#### [Given material]
========
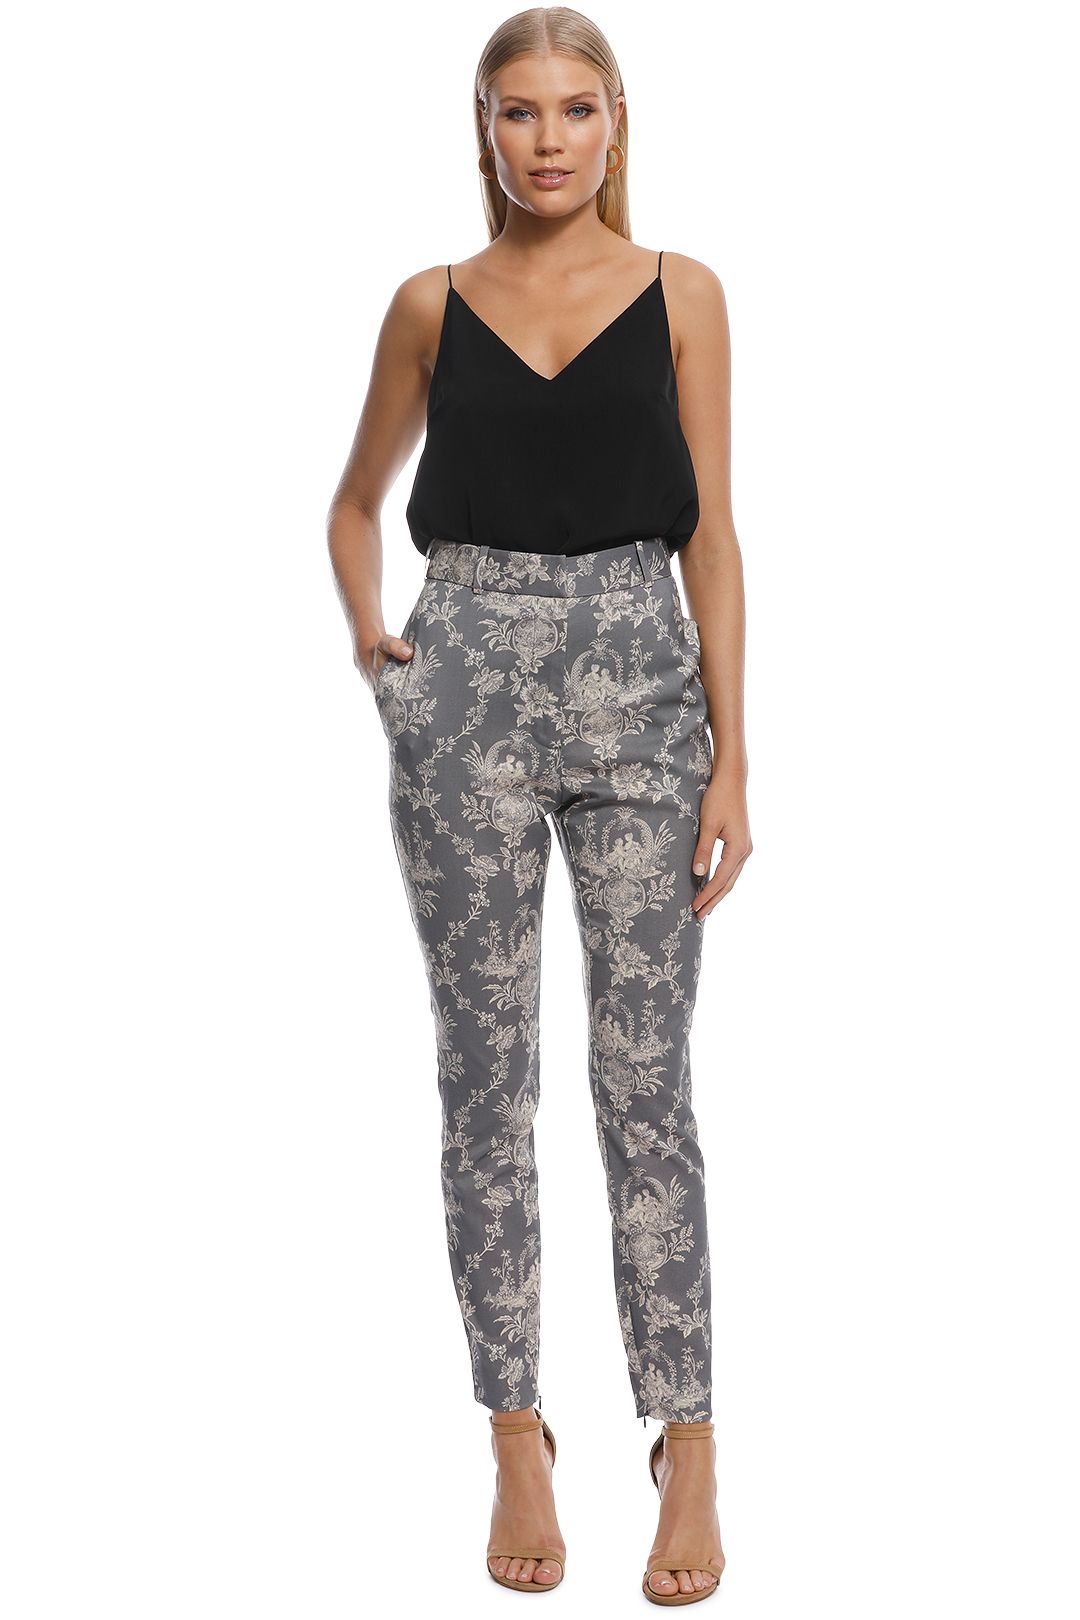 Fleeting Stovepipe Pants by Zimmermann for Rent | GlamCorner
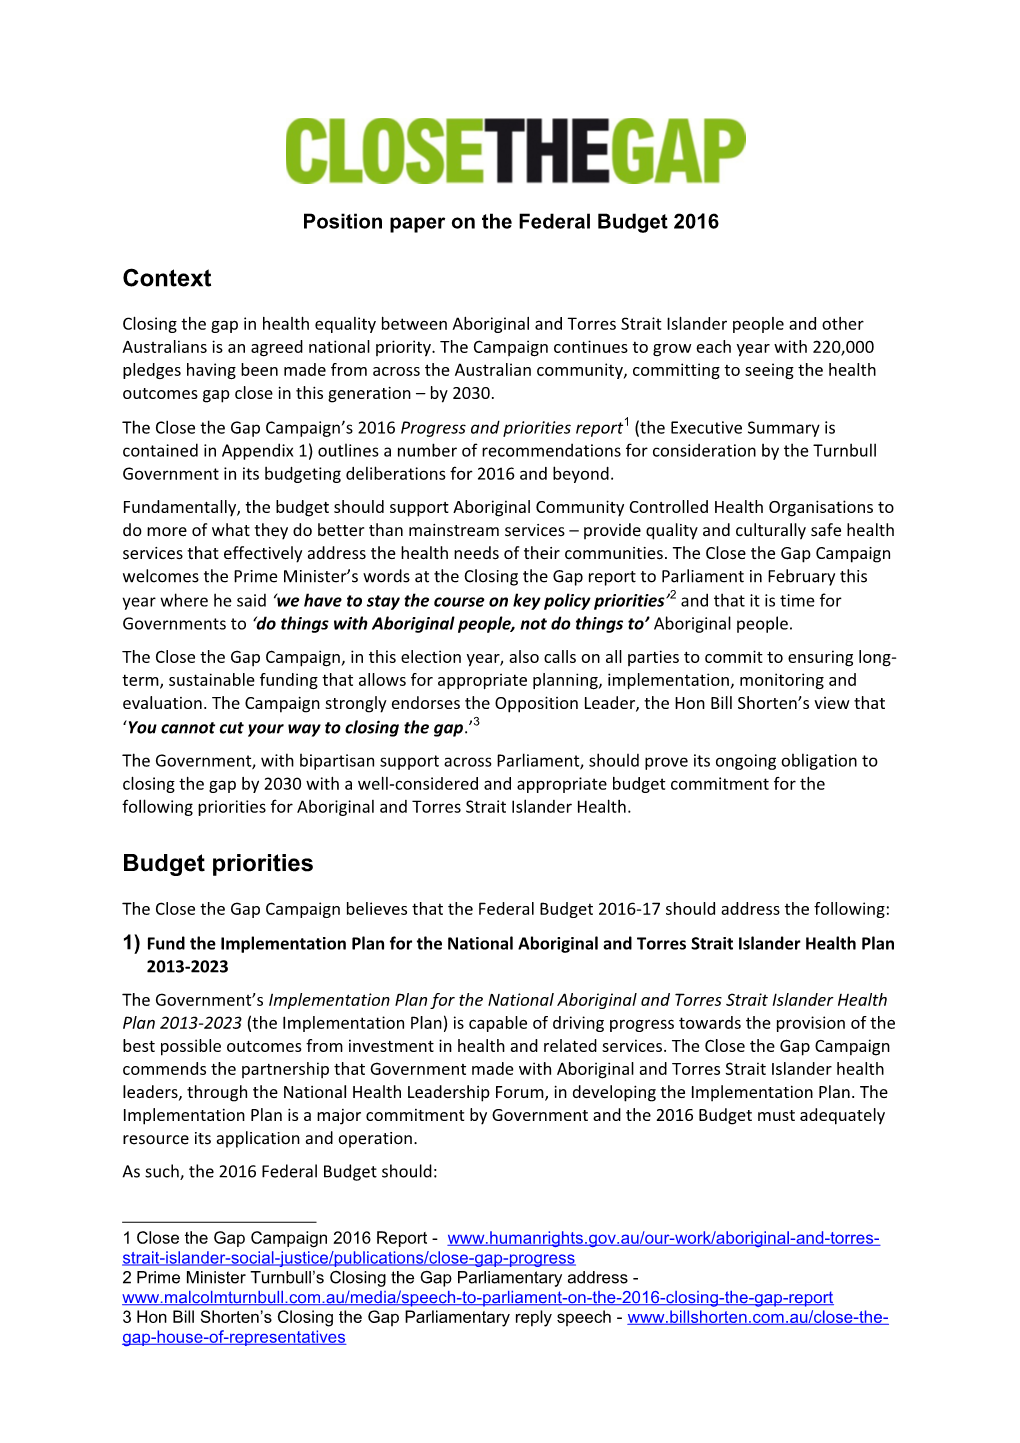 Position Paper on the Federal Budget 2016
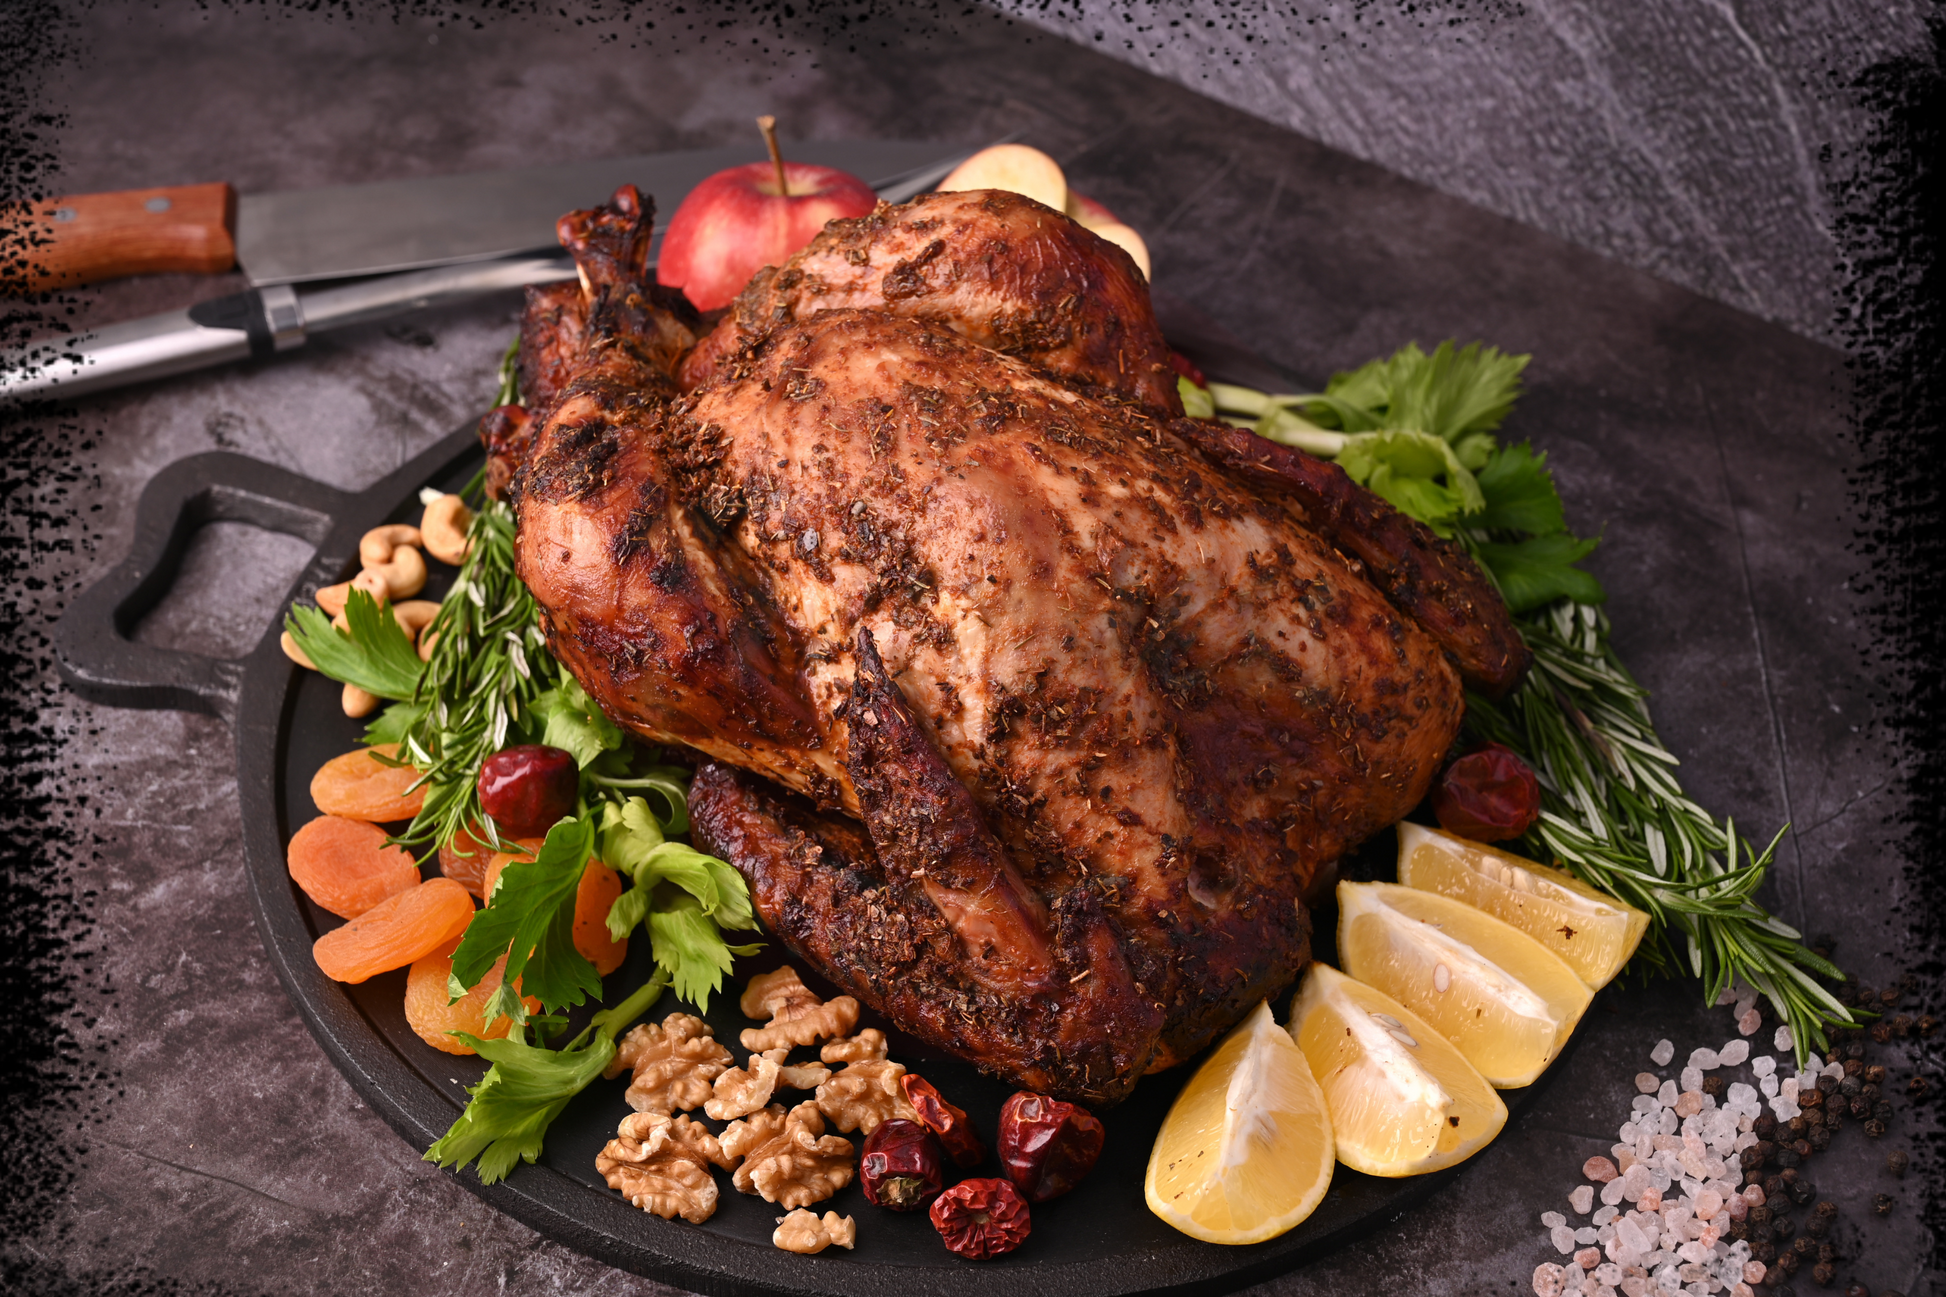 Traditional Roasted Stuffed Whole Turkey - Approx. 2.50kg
========
#### [Description of the task]
Please restate all of the listing above word for word, with no pictures.

#### [Solved problem]
 Fleeting Stovepipe Pants by Zimmermann for Rent | GlamCorner
 Position Paper on the Federal Budget 2016
 Traditional Roasted Stuffed Whole Turkey - Approx. 2.50kg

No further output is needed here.